*** DATA IN THIS EXERCISE ***

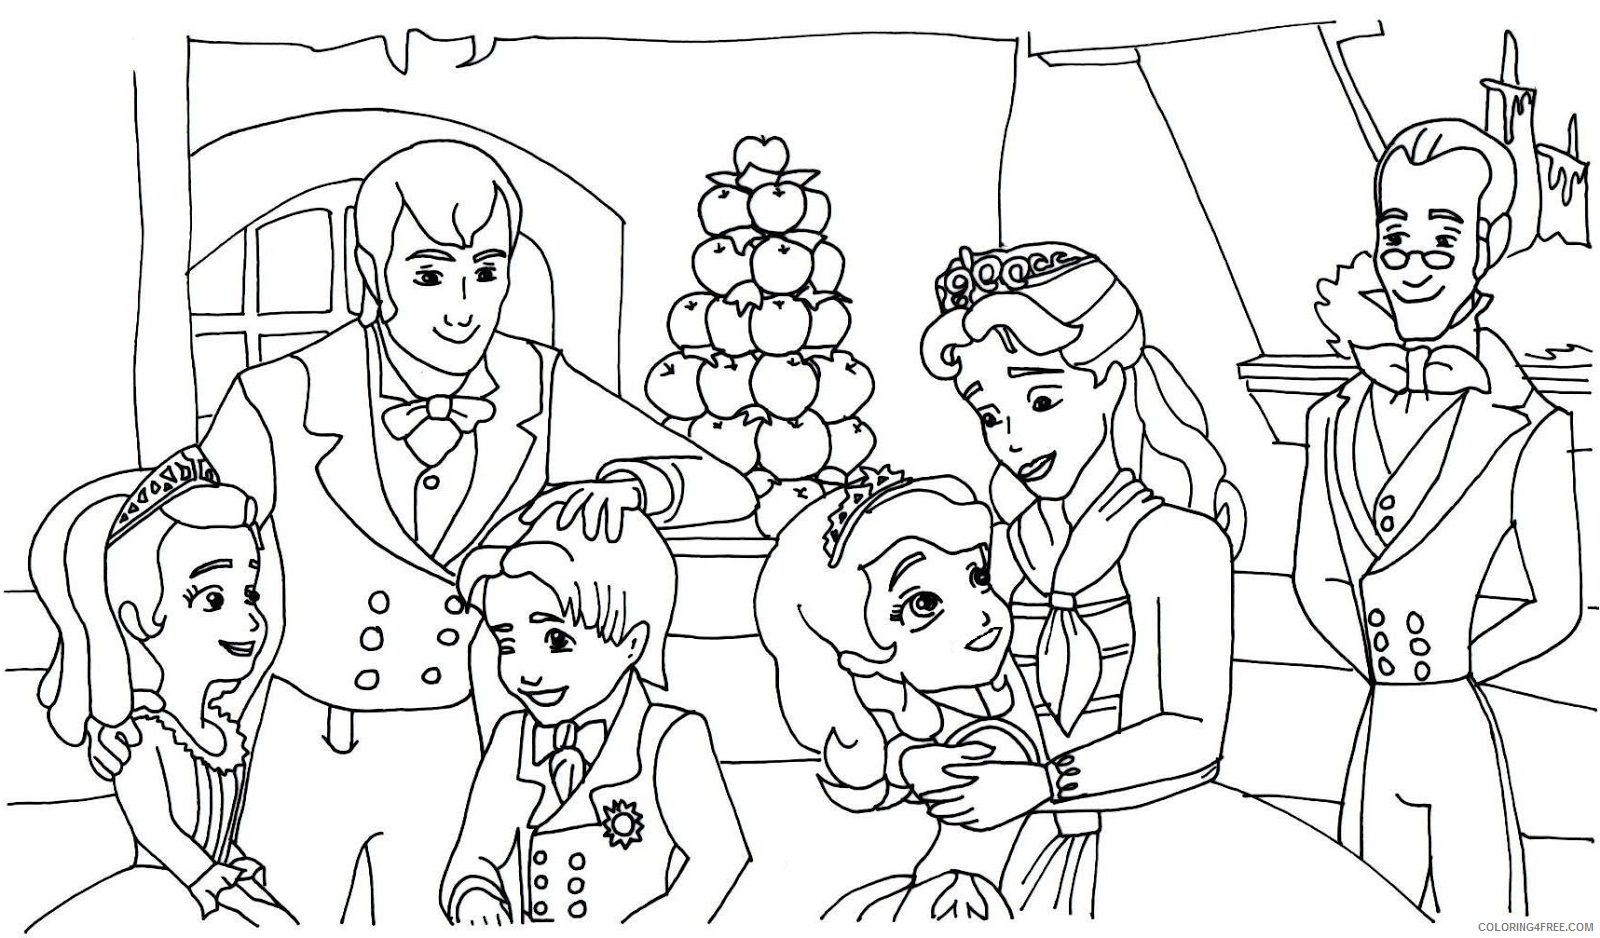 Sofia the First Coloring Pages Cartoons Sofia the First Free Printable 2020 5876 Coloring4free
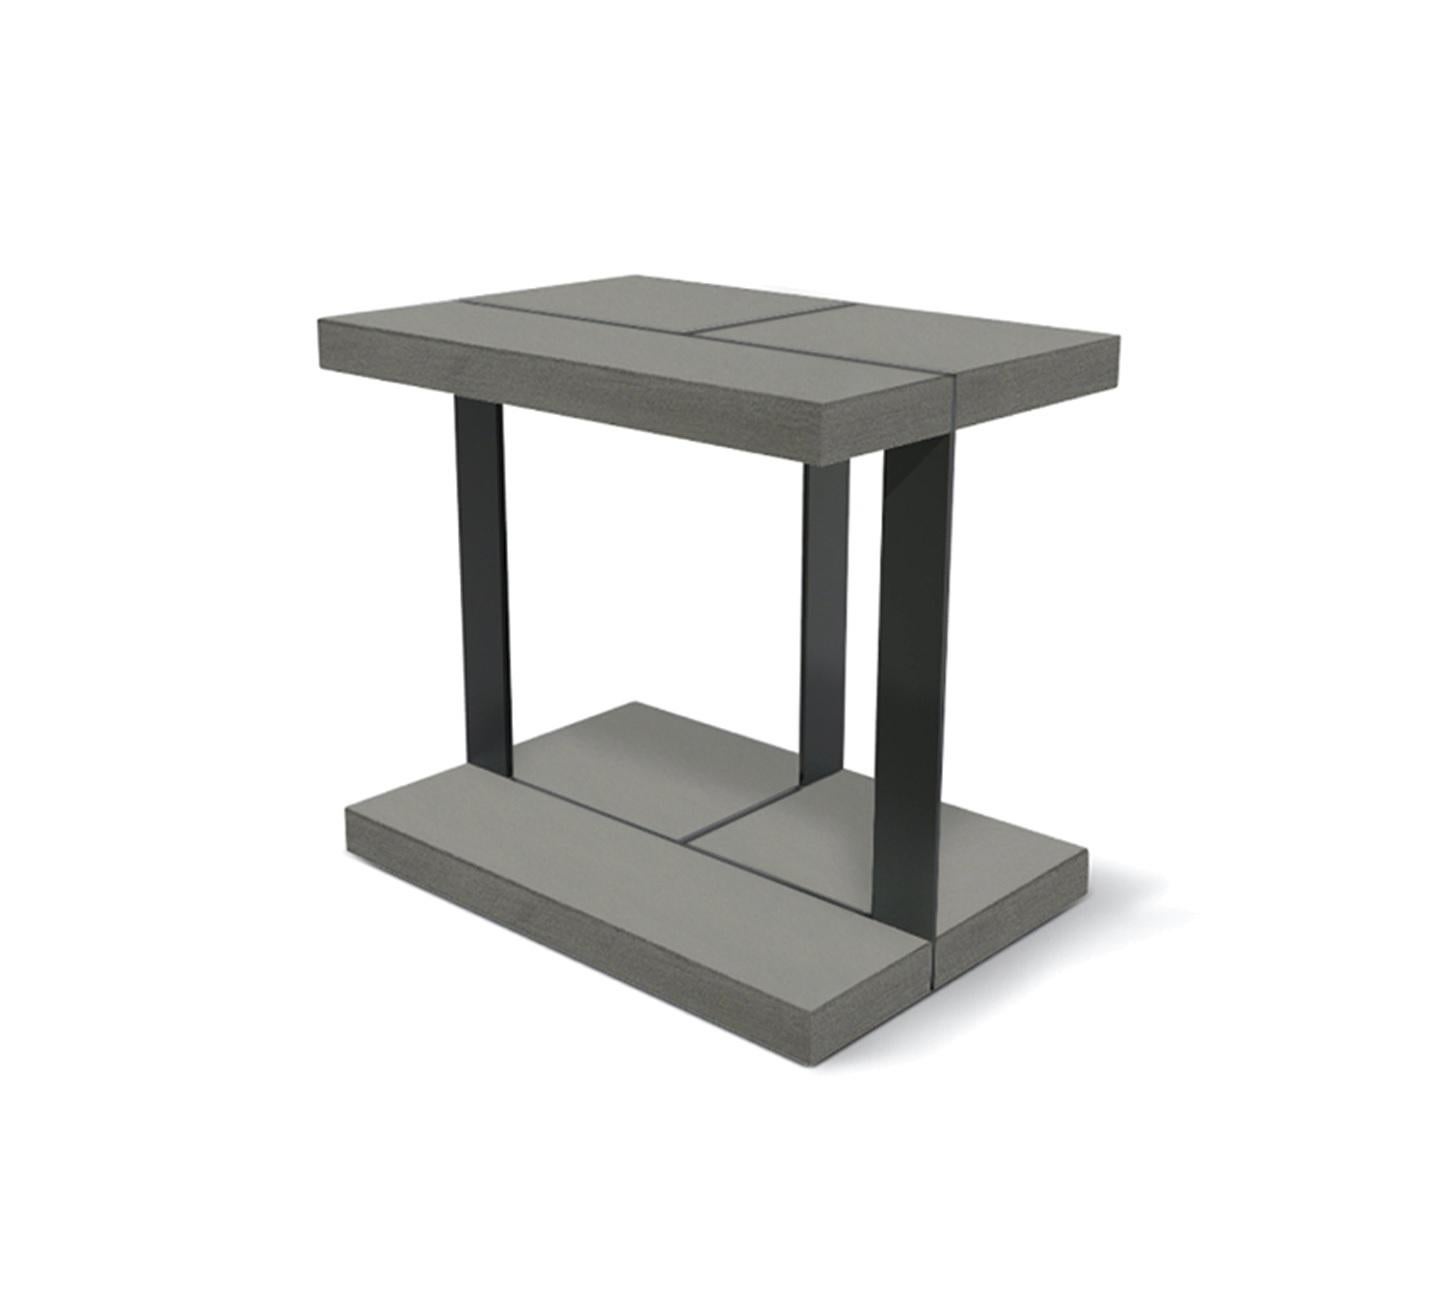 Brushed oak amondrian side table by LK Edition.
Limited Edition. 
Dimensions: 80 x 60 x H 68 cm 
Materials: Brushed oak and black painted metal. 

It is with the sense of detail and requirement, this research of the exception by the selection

***
*** DATA IN THIS EXERCISE ***

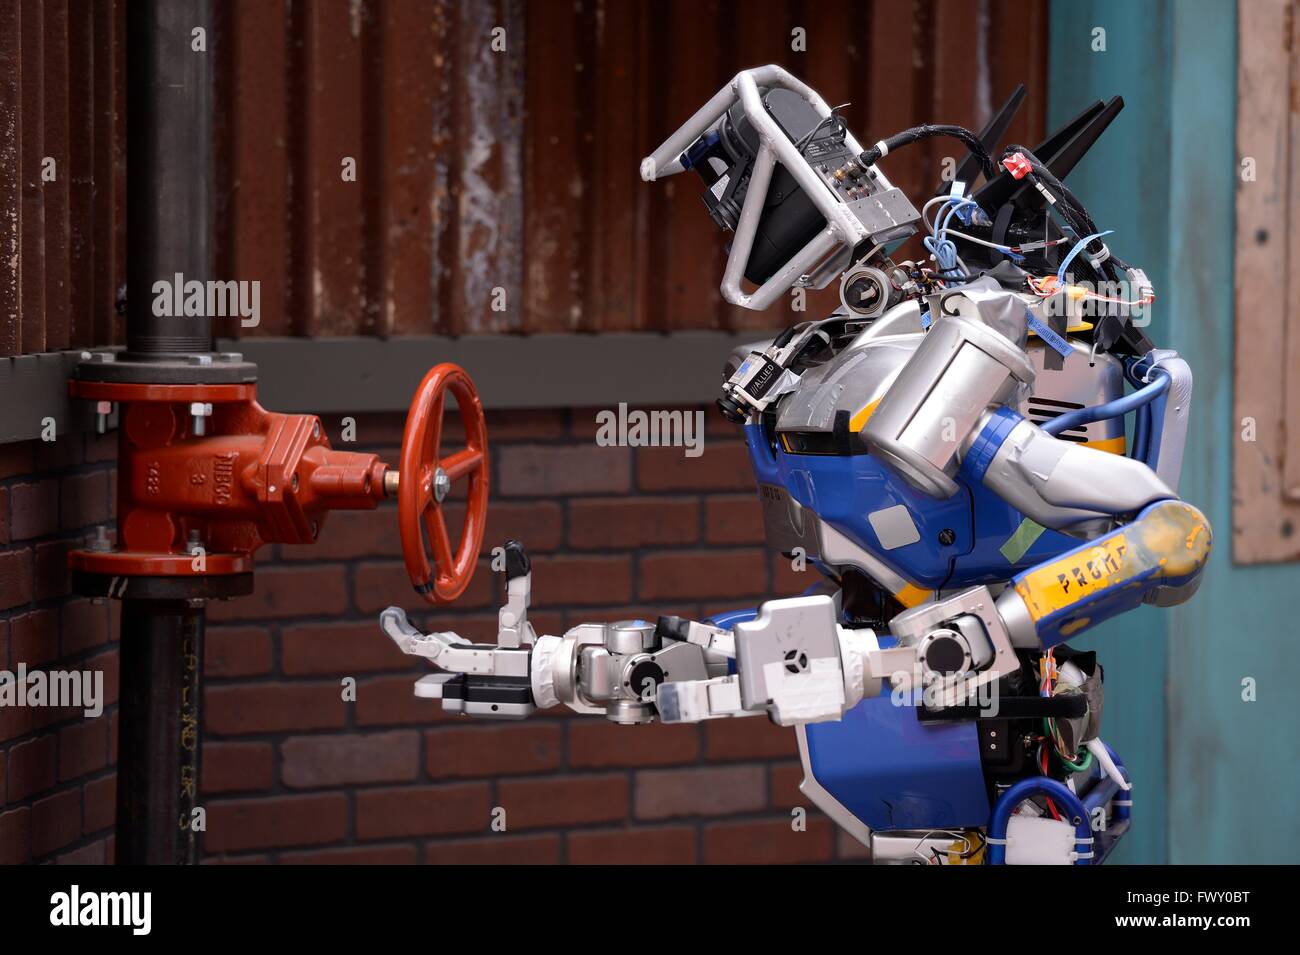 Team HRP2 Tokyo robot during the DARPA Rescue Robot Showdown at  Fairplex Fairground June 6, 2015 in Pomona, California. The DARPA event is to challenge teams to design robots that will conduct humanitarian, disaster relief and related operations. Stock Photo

***

▶ [INSTRUCTIONS TO FOLLOW]:
Print exactly the lines of the listing above starting at the line containing "Dimensions: 80 x 60 x H 68 cm" and ending at the line containing "It is with the", both included.

▶ [ANSWER FOR THE TASK]:
Dimensions: 80 x 60 x H 68 cm 
Materials: Brushed oak and black painted metal. 

It is with the sense of detail and requirement, this research of the exception by the selection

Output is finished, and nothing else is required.